November 28, 2008

You Ask, I Answer: Carob

Can you tell me what, exactly, carob is?

I bought the wrong bag of trail mix by accident today and it has almonds, raisins, cashews, and carob.

The taste is okay. I just don't know what I'm eating!

-- Ray Amila
New York, NY

Although carob is a popular vegan substitute for milk chocolate, it is actually a legume!

It is made from the pulp of the pods of an evergreen tree indigenous to the Mediterranean Sea region (although it is now grown in many parts of the world.)

In some countries, like Israel, it is common to dunk the pods in hot water for about thirty seconds (just enough to soften them) and chew on them as a snack.

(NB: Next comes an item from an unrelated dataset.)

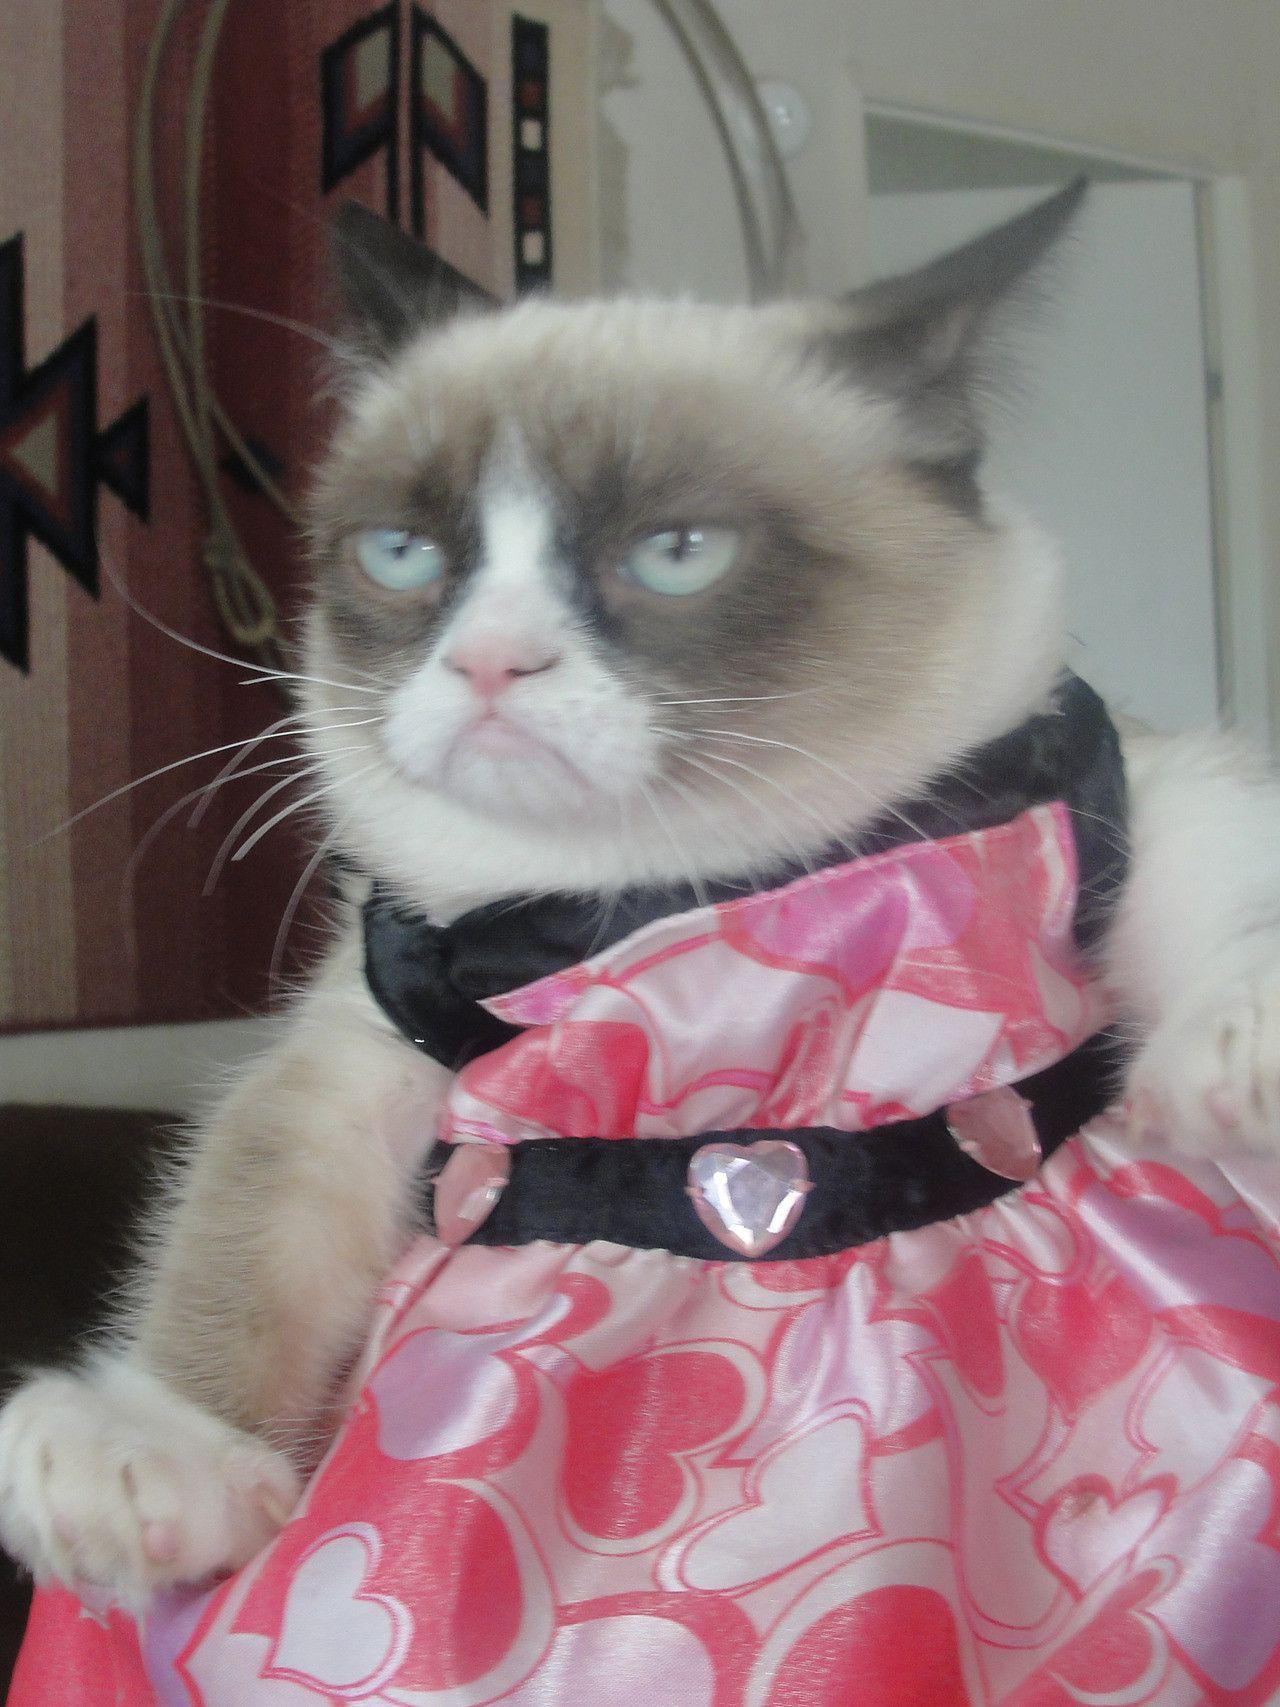 (UN)HAPPY HALLOWEEN FROM GRUMPY CAT Funny grumpy cat

In the United States, carob pods are usually roasted, ground into powder, and then used to make things like carob chips (which can then go into vegan cookies, or used as toppings for vegan ice cream.)

I should note, though, that not ALL carob products are vegan. Some carob manufacturers add milk solids to them, so always be sure to read the ingredient label.

Some people seek out carob because it is naturally caffeine-free.

Others like it because it is a cocoa powder substitute that offers a good dose of calcium.

Two tablespoons of carob powder, for instance, provides almost a tenth of the mineral's daily recommended intake (that same amount of cocoa powder only provides one percent.)

So don't worry, you're not eating some sort of Frankenfood!